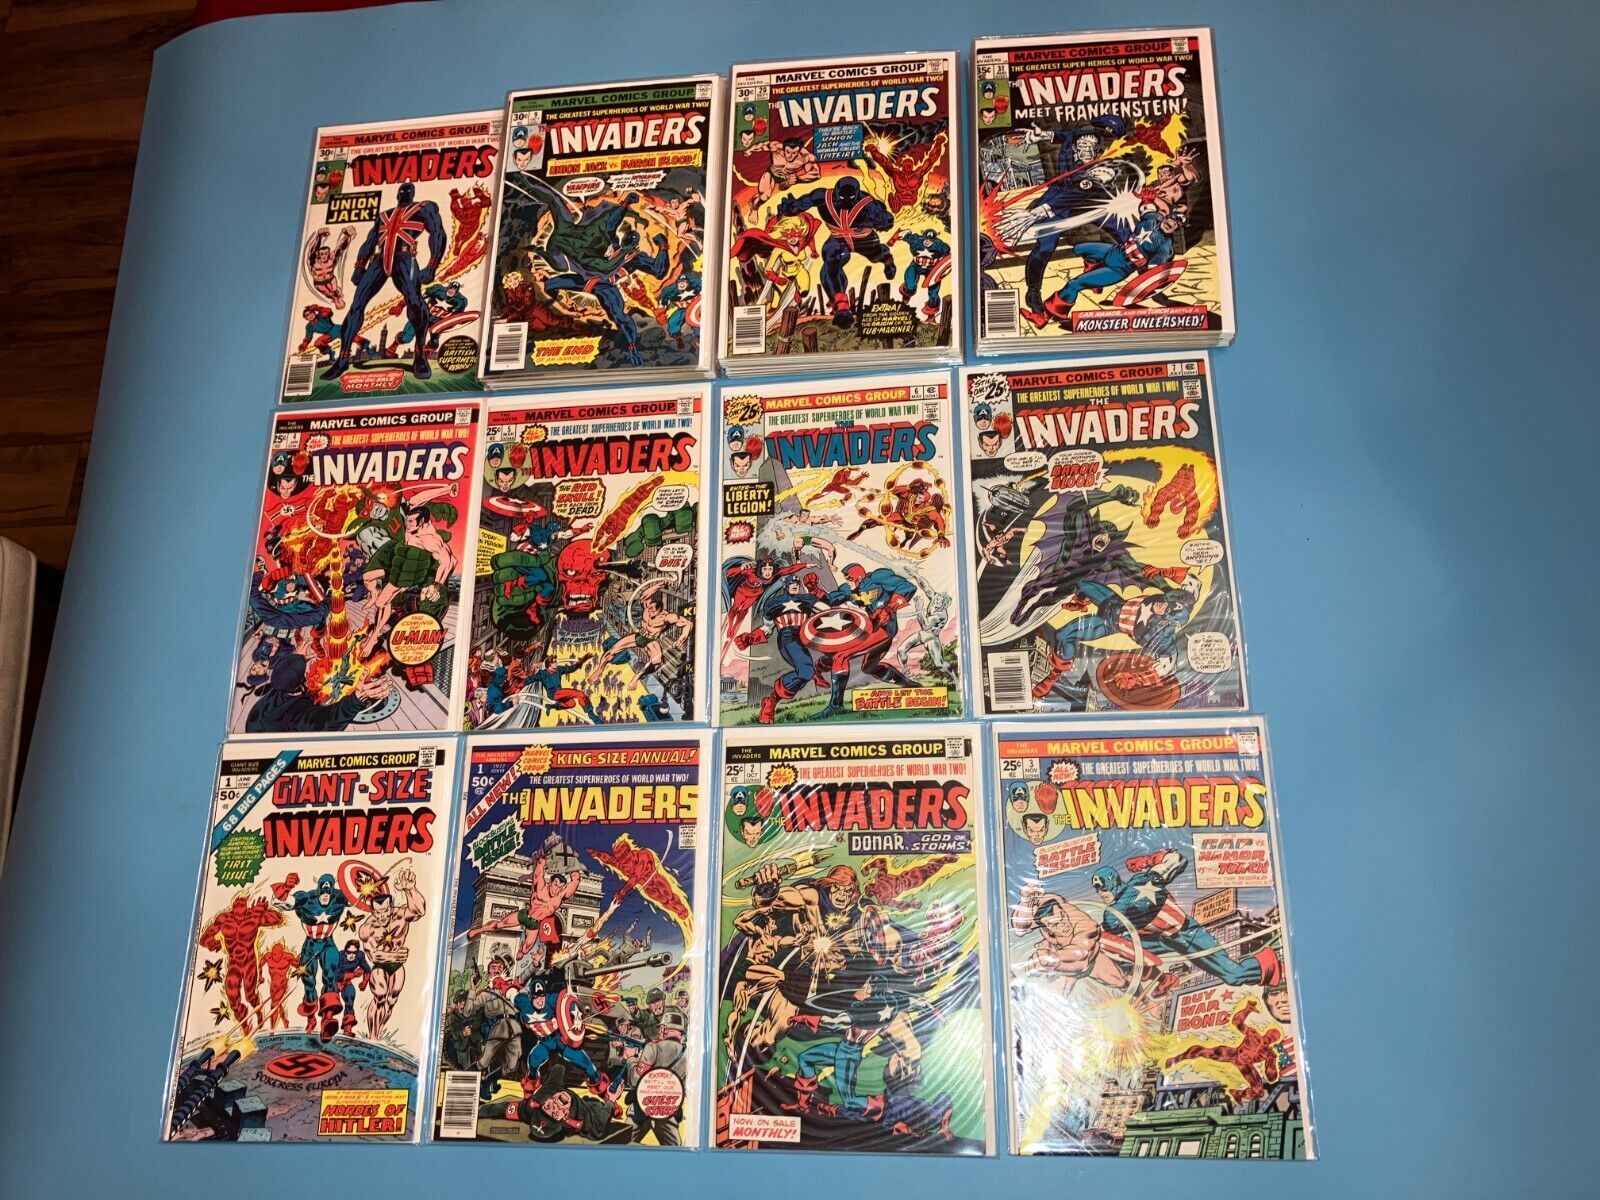 INVADERS #2-41 PLUS GIANT SIZE #1 and ANNUAL #1 SET 1975 HIGH GRADE
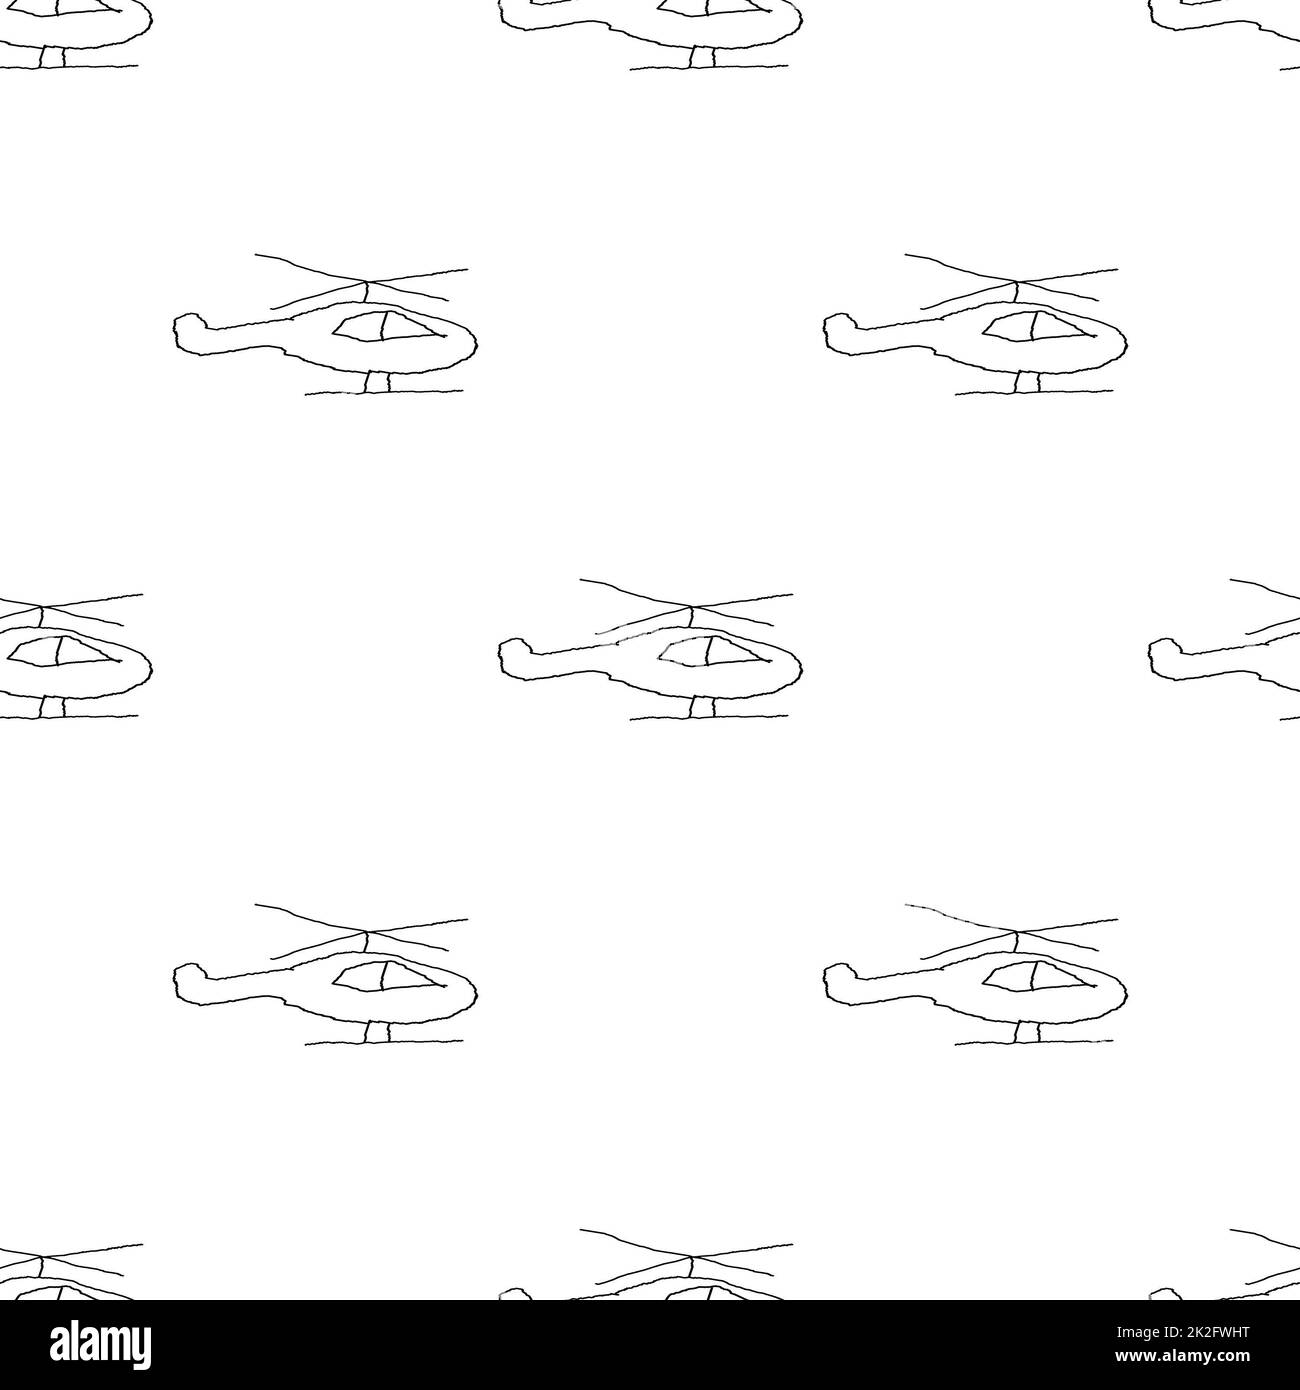 Cartoon Sketchy Helicopter Drawing Motif Pattern Stock Photo
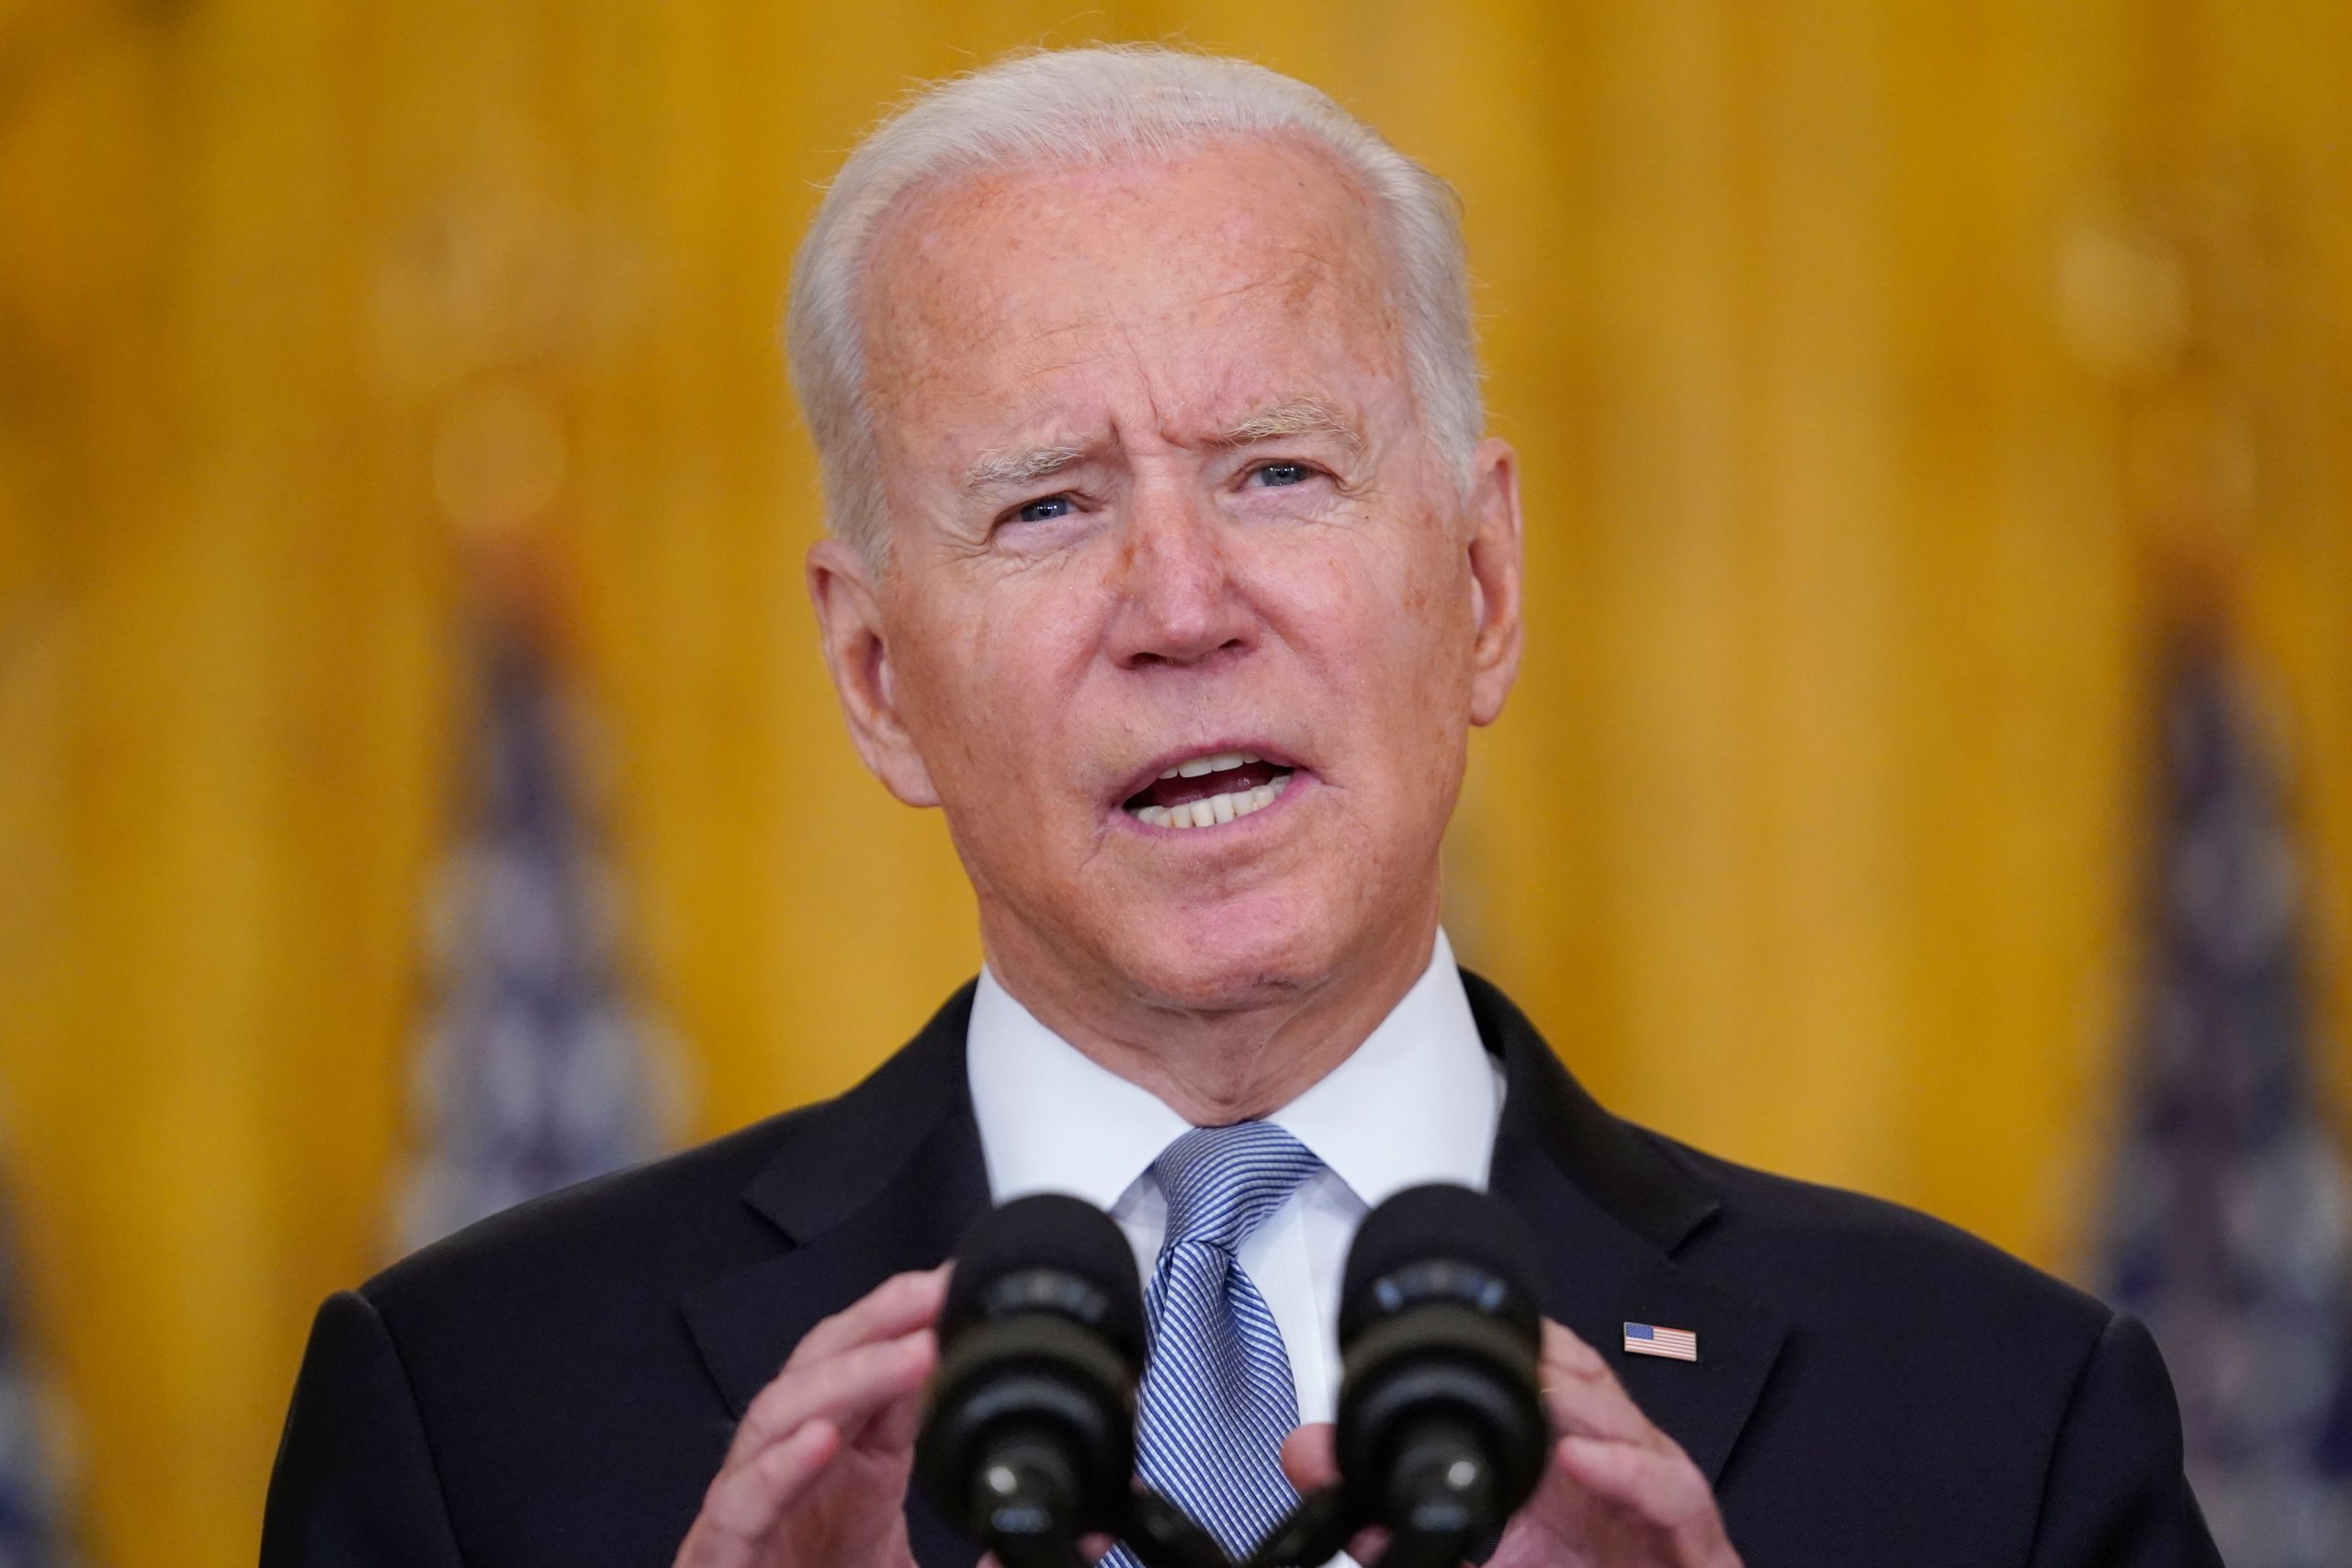 We are not done with you yet: Biden warns ISIS-K after Afghanistan exit
····················
__PROBLEM TO SOLVE__: When you retype the material above, keep every word exact and drop the images.

__ANSWER__:
 INVADERS #2-41 PLUS GIANT SIZE #1 and ANNUAL #1 SET 1975 HIGH GRADE
 Cartoon Sketchy Helicopter Drawing Motif Pattern Stock Photo
 We are not done with you yet: Biden warns ISIS-K after Afghanistan exit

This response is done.